When referring to the causes of high blood pressure, it is divided into two categories:
- Essential high blood pressure (primary high blood pressure) - no cause has been identified.
- Secondary high blood pressure - the high blood pressure has an underlying cause, such as kidney disease, or a specific medication the patient is taking.
The risk of developing hypertension increases as people age.
Even though there is no identifiable cause for essential high blood pressure, there is strong evidence linking some risk factors to the likelihood of developing the condition. Most of the causes below are essential high blood pressure risk factors; there are also a couple of secondary high blood pressure examples:
The older you are the higher your risk of having high blood pressure.
2) Family history
If you have close family members with hypertension, your chances of developing it are significantly higher. An international scientific study identified eight common genetic differences that may increase the risk of high blood pressure.
A study that monitored 8,801 participants over the age of 65 found that systolic and diastolic blood pressure values differed significantly across the year and according to the distribution of outdoor temperature. Blood pressure was lower when it got warmer, and rose when it got colder.
4) Ethnic background
Evidence indicates that people with African or South Asian ancestry have a higher risk of developing hypertension, compared to people with predominantly Caucasian or Amerindian (indigenous of the Americas) ancestries.
5) Obesity and overweight
Both overweight and obese people are more likely to develop high blood pressure, compared to people of normal weight.
6) Some aspects of gender
In general, high blood pressure is more common among adult men than adult women. However, after the age of 60 both men and women are equally susceptible.
7) Physical inactivity
Lack of exercise, as well as having a sedentary lifestyle, raises the risk of hypertension.
Smoking causes the blood vessels to narrow, resulting in higher blood pressure. Smoking also reduces the blood's oxygen content so the heart has to pump faster in order to compensate, causing a rise in blood pressure.
9) Alcohol intake
People who drink regularly have higher systolic blood pressure than people who do not, according to researchers. They found that systolic blood pressure levels are about 7 mmHg higher in frequent drinkers than in people who do not drink.
10) High salt intake
Researchers reported that societies where people don't eat much salt have lower blood pressures than places where people eat a lot of salt.
11) High fat diet
Many health professionals say that a diet high in fat leads to a raised high blood pressure risk. However, most dietitians stress that the problem is not how much fat is consumed, but rather what type of fats.
Fats sourced from plants such as avocados, nuts, olive oil, and omega oils are good for you. Saturated fats, which are common in animal-sourced foods, as well as trans fats, are bad for you.
12) Mental stress
Various studies have offered compelling evidence that mental stress, especially over the long term, can have a serious impact on blood pressure. One study suggested that the way that air traffic controllers handle stress can affect whether they are at risk of developing high blood pressure later in life.

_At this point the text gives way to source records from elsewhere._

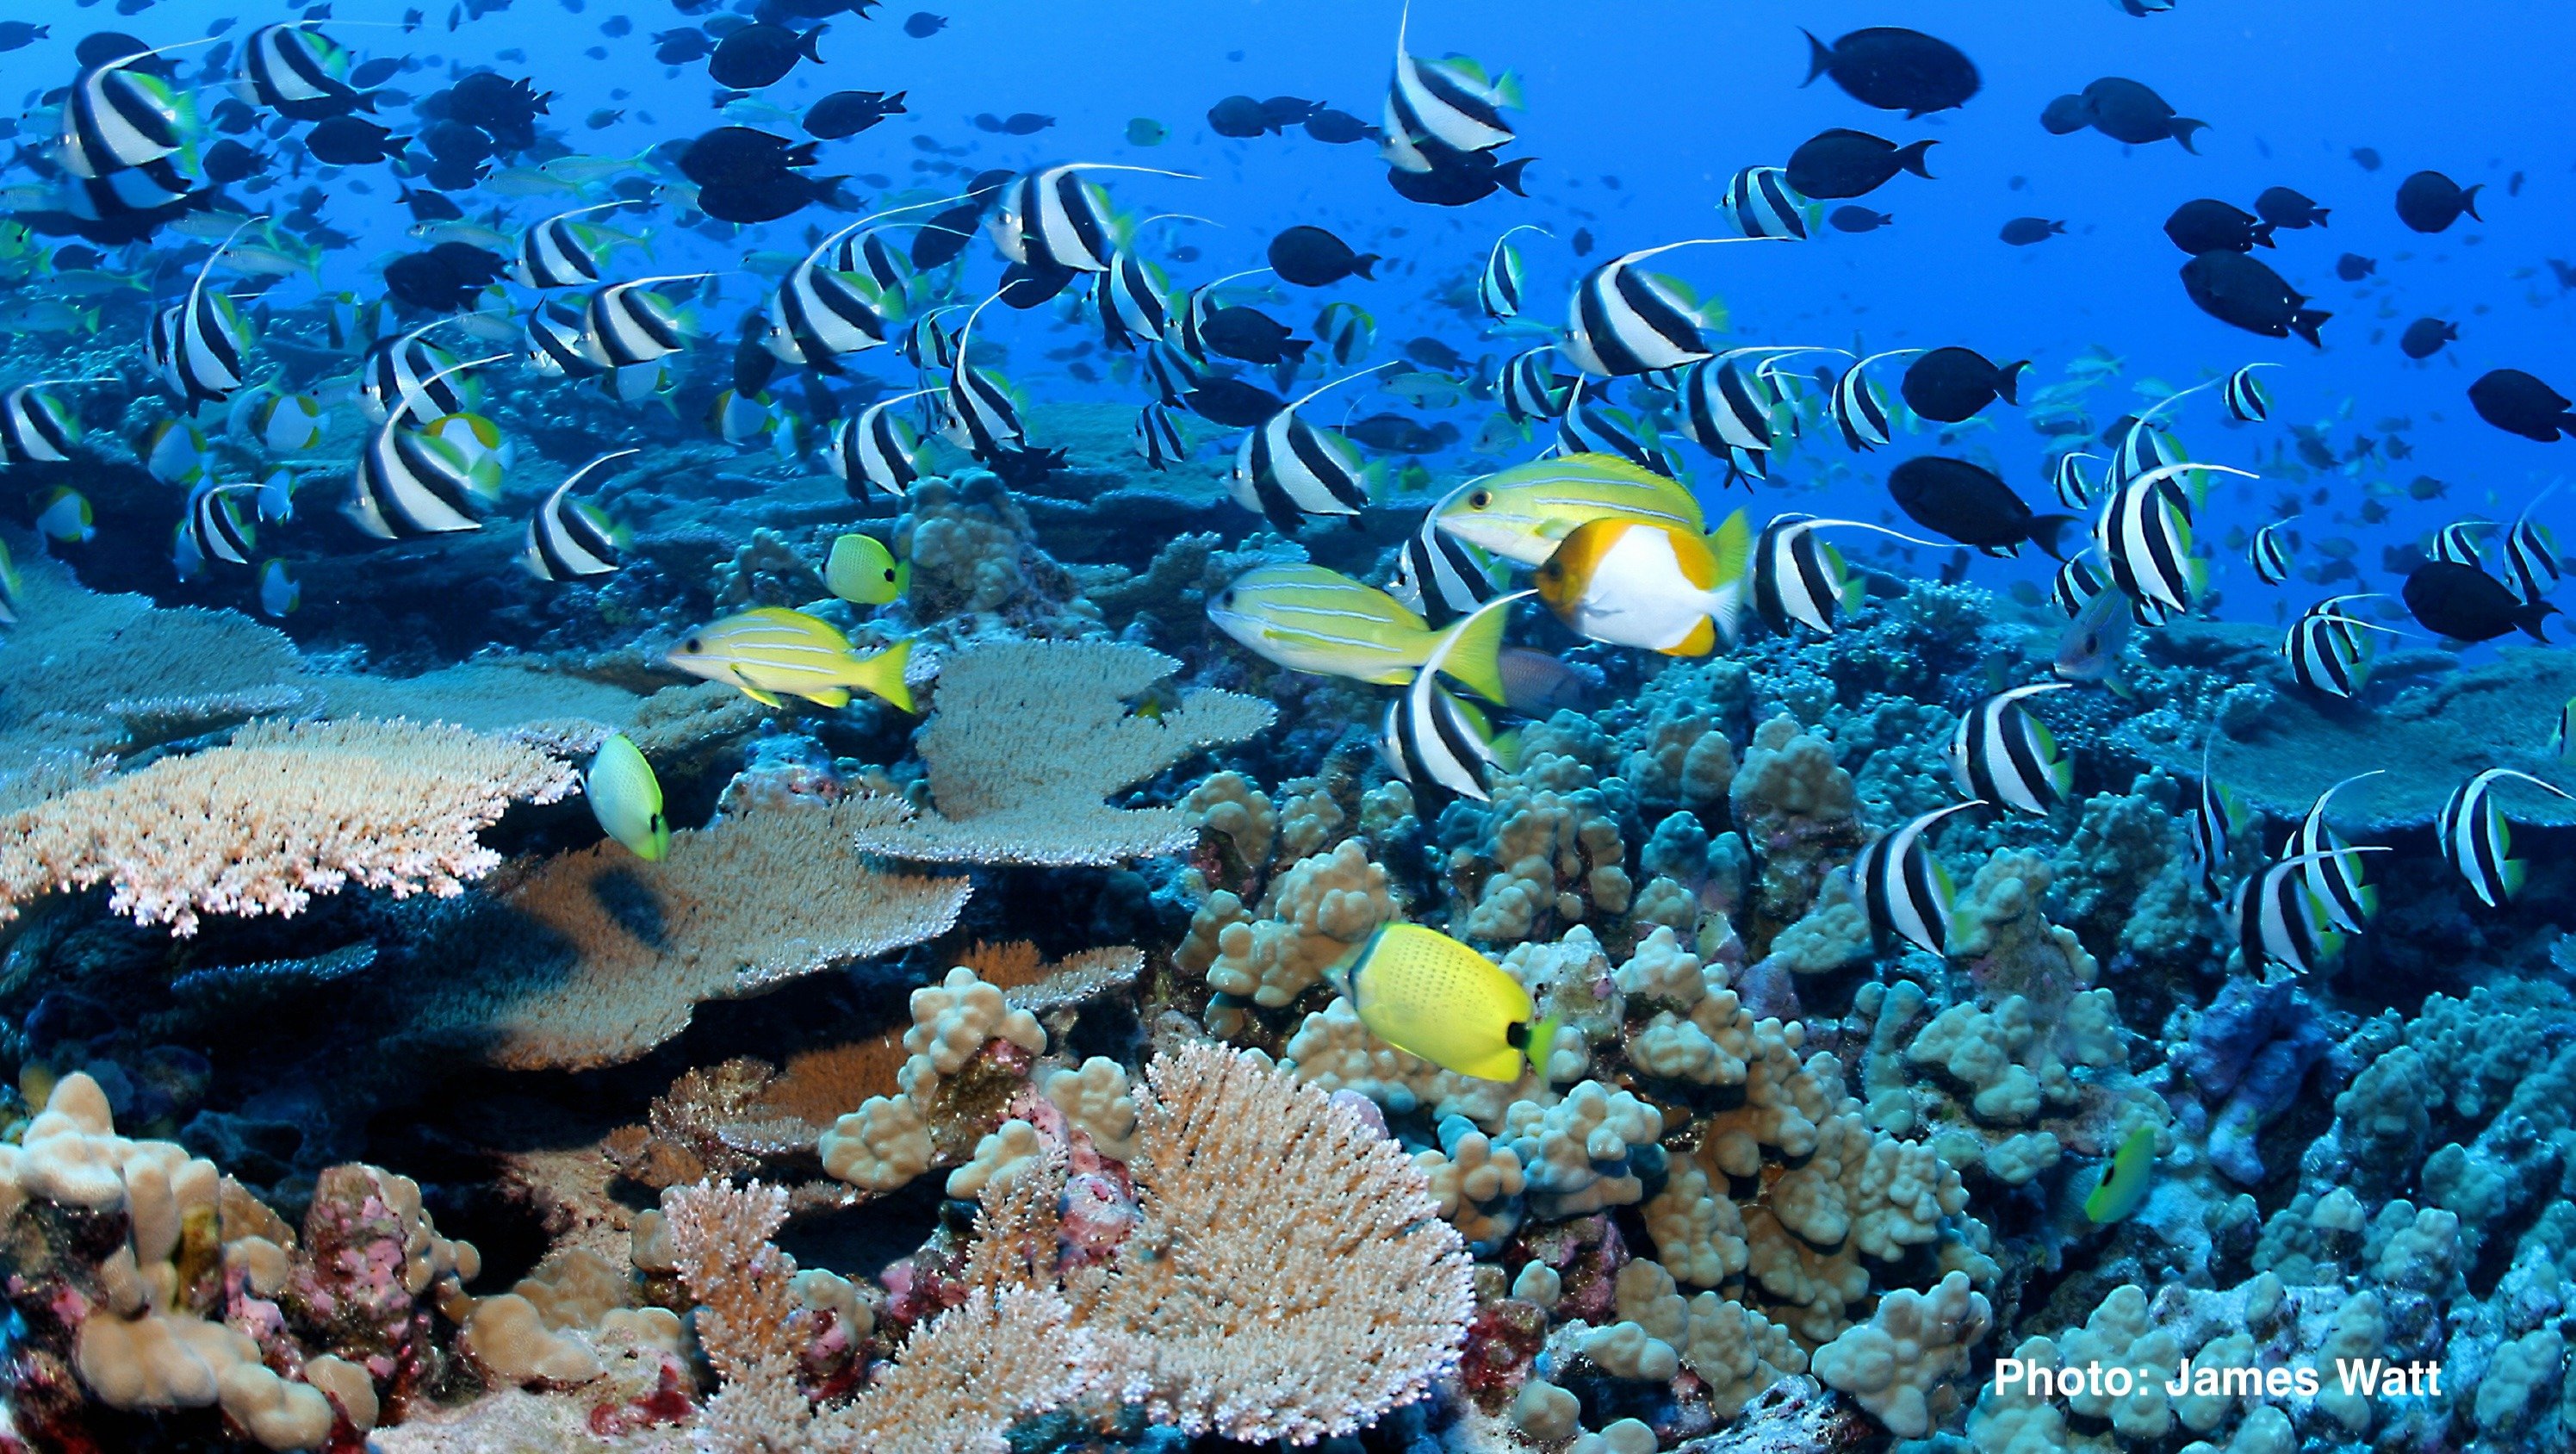 Hawaii's coral reefs
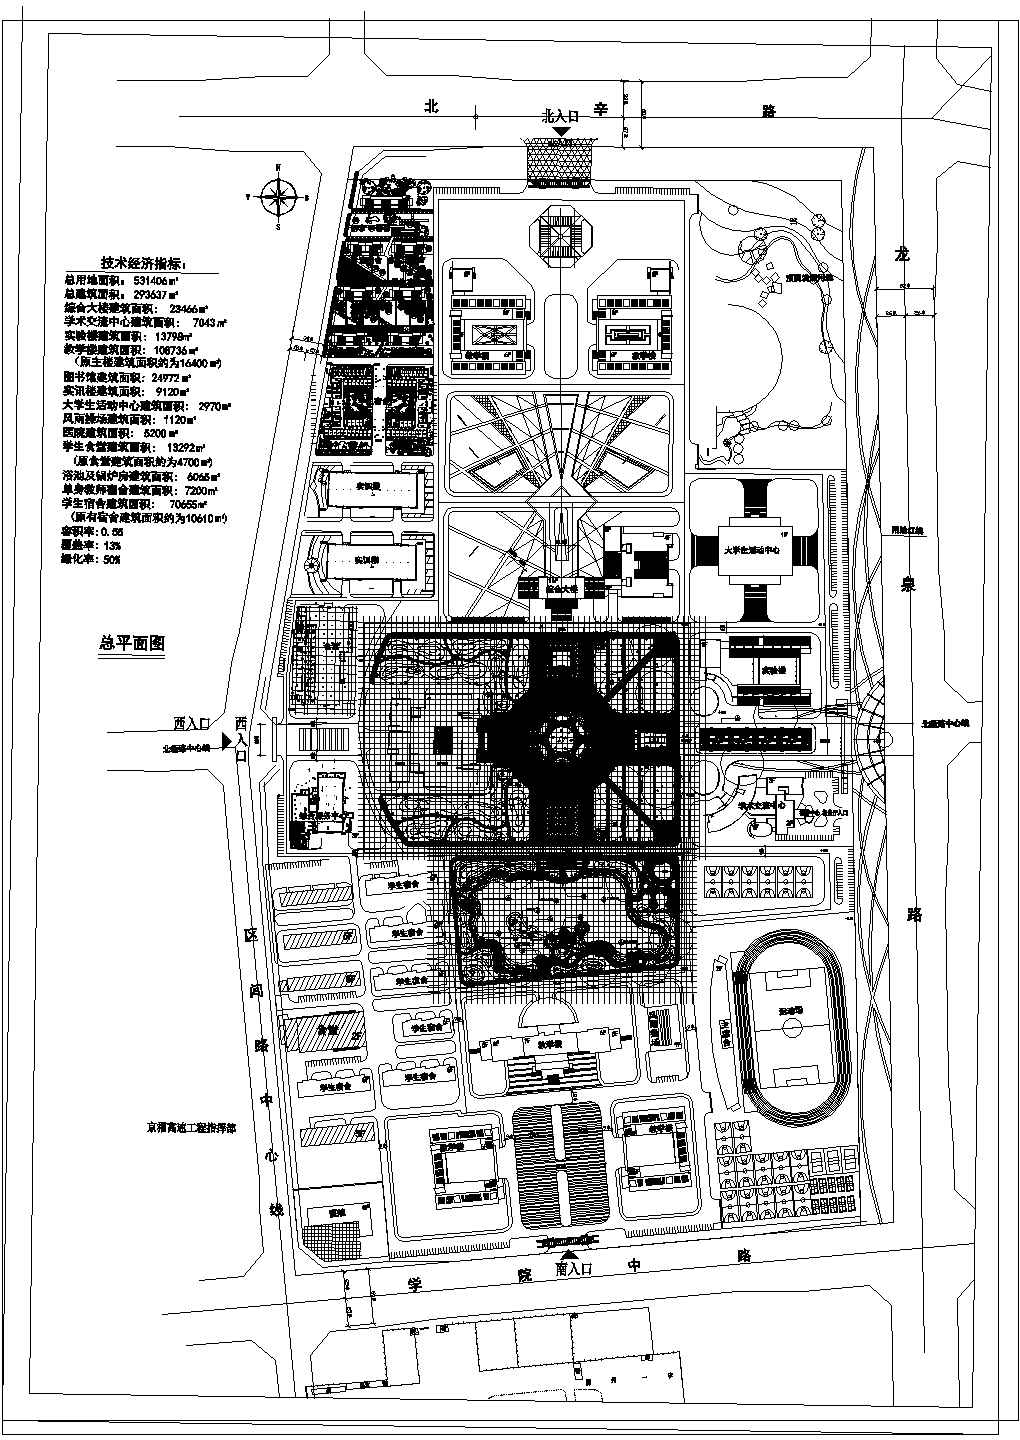 山东某学院园林景观总平面设计详细建筑施工图
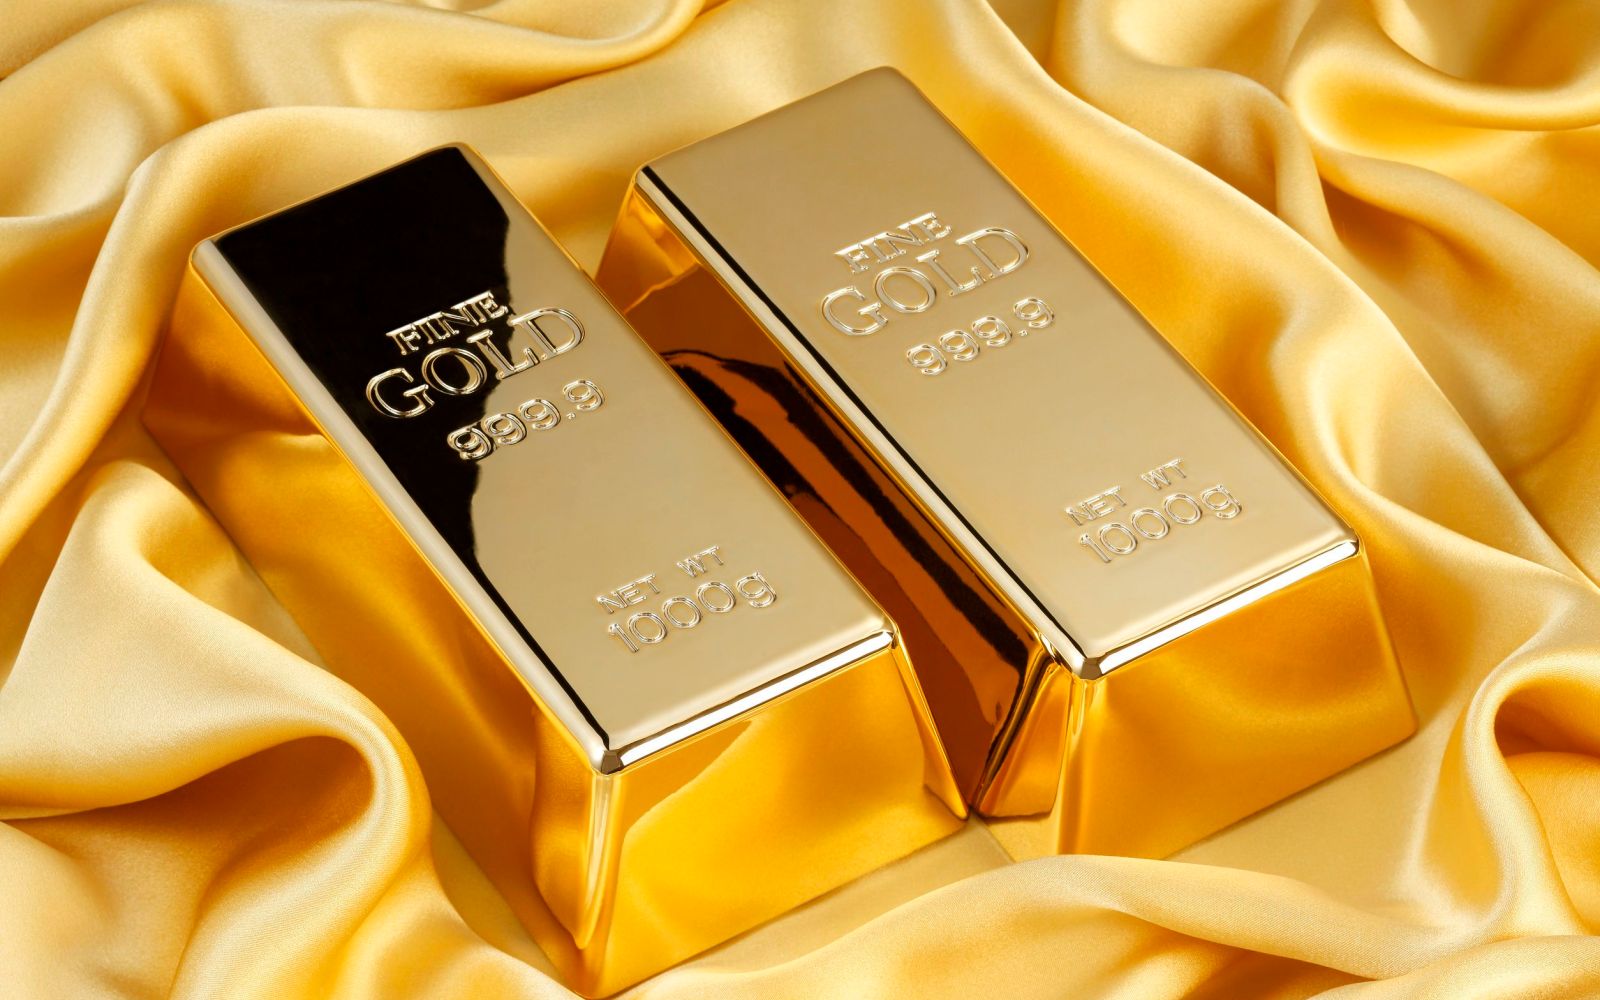 نشتري دهب دلوقتي ولا نستنى .. توقعات الخبراء حول أسعار الذهب في مصر خلال الفترة المقبلة ومفاجأة كبرى للمستثمرين

People with diabetes are at a higher risk of developing hypertension. Among patients with type 1 diabetes, high blood sugar is a risk factor for incident hypertension - effective and consistent blood sugar control, with insulin, reduces the long-term risk of developing hypertension.
A study that followed 78,000 women for 14 years found that having psoriasis was linked to a higher risk of developing high blood pressure and diabetes. Psoriasis is an immune system condition that appears on the skin in the form of thick, red scaly patches.
Pregnant women have a higher risk of developing hypertension than women of the same age who are not pregnant. It is the most common medical problem encountered during pregnancy, complicating 2% to 3% of all pregnancies.
When we measure blood pressure, we gauge two types of pressure:
- Systolic pressure - the blood pressure when the heart contracts, specifically the moment of maximum force during the contraction. This happens when the left ventricle of the heart contracts.
- Diastolic pressure - the blood pressure between heartbeats, when the heart is resting and dilating (opening up, expanding).
When a person's blood pressure is taken the doctor or nurse needs to measure both the systolic and diastolic pressures. The figures usually appear with a larger number first (systolic pressure), followed by a smaller number (diastolic pressure). The figure will be followed by the abbreviation "mmHg," which means millimeters of mercury.
If you are told that your blood pressure is 120 over 80 (120/80 mmHg), it means a systolic pressure of 120mmHg and a diastolic pressure of 80mmHg.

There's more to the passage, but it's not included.